2010 IEEE Fifth International Conference on Networking, Architecture, and Storage (2010)
Macau, China
July 15, 2010 to July 17, 2010
ISBN: 978-0-7695-4134-1
pp: 403-411
Beyond the storage savings brought by chunk-level de-duplication in backup and archiving systems, a prominent challenge facing this technology is how to efficiently and effectively identify the duplicate chunks. Most of the chunk fingerprints used to identify individual chunks are stored on disks due to the limited main memory capacity. Checking for chunk fingerprint match on disk for every input chunk is known to be a severe performance bottleneck for the backup process. On the other hand, our intuitions and analyses of real backup data both indicate that duplicate chunks tend to strongly concentrate according to the data ownership.
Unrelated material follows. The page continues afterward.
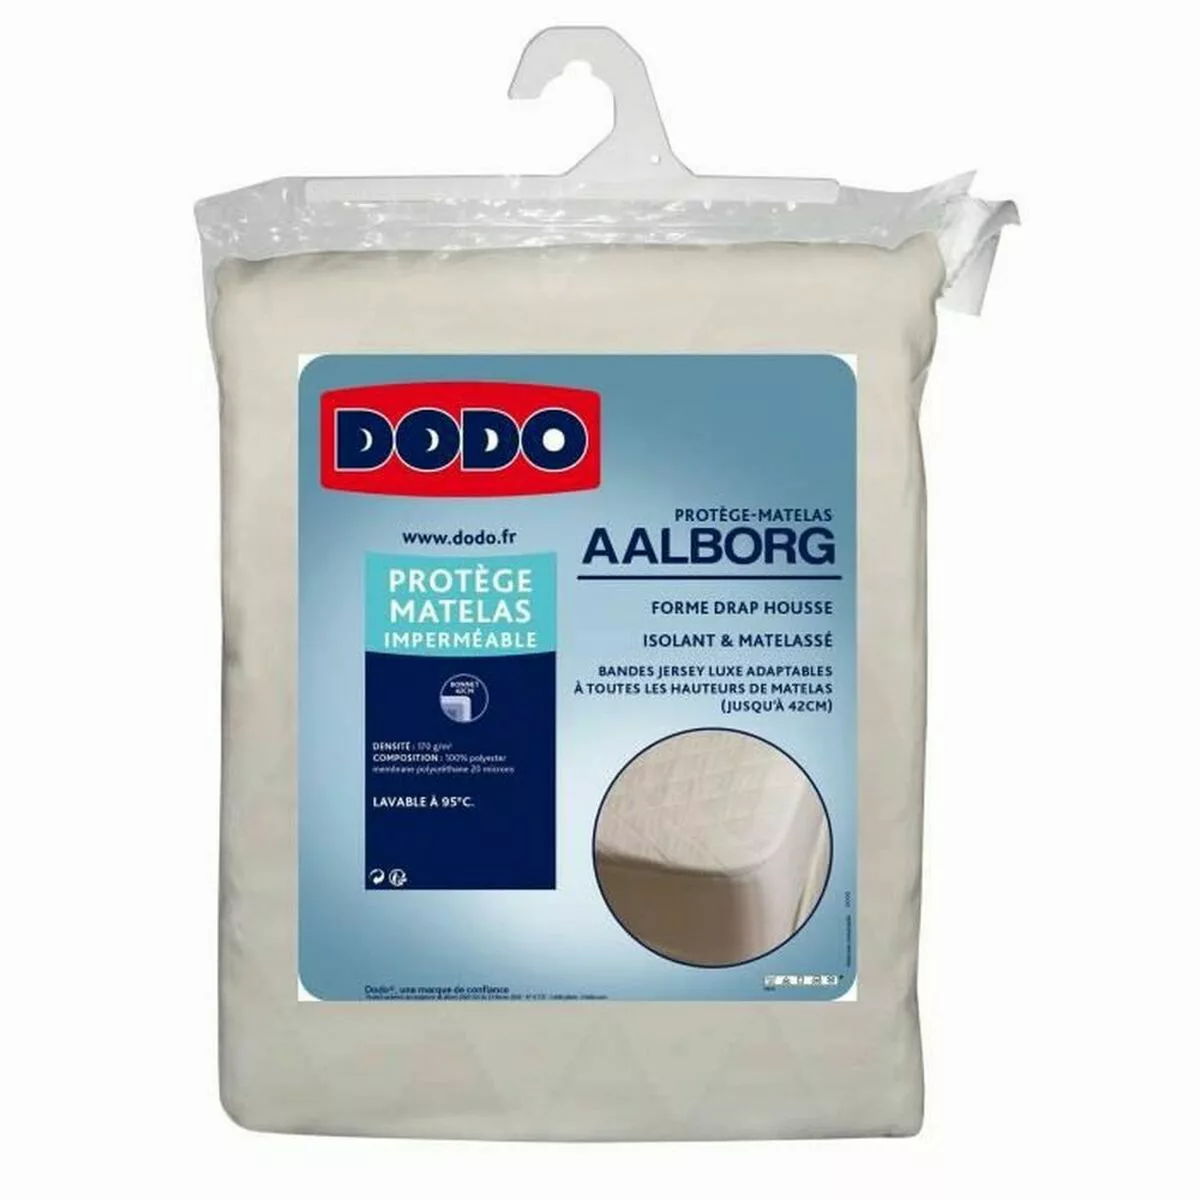 Matratzenschoner Dodo Aalborg (90 X 190) günstig online kaufen

Motivated by this observation and to avoid or alleviate the aforementioned backup performance bottleneck, we propose DAM, a dataownership-aware multi-layered de-duplication scheme that exploits the data chunks’ ownership and uses a tri-layered de-duplication approach to narrow the search space for duplicate chunks to reduce the total disk accesses. Our experimental results with real world datasets on DAM show it reduces the disk accesses by an average of 60.8% and shortens the de-duplication time by an average of 46.3%.
backup, de-duplication, disk accesses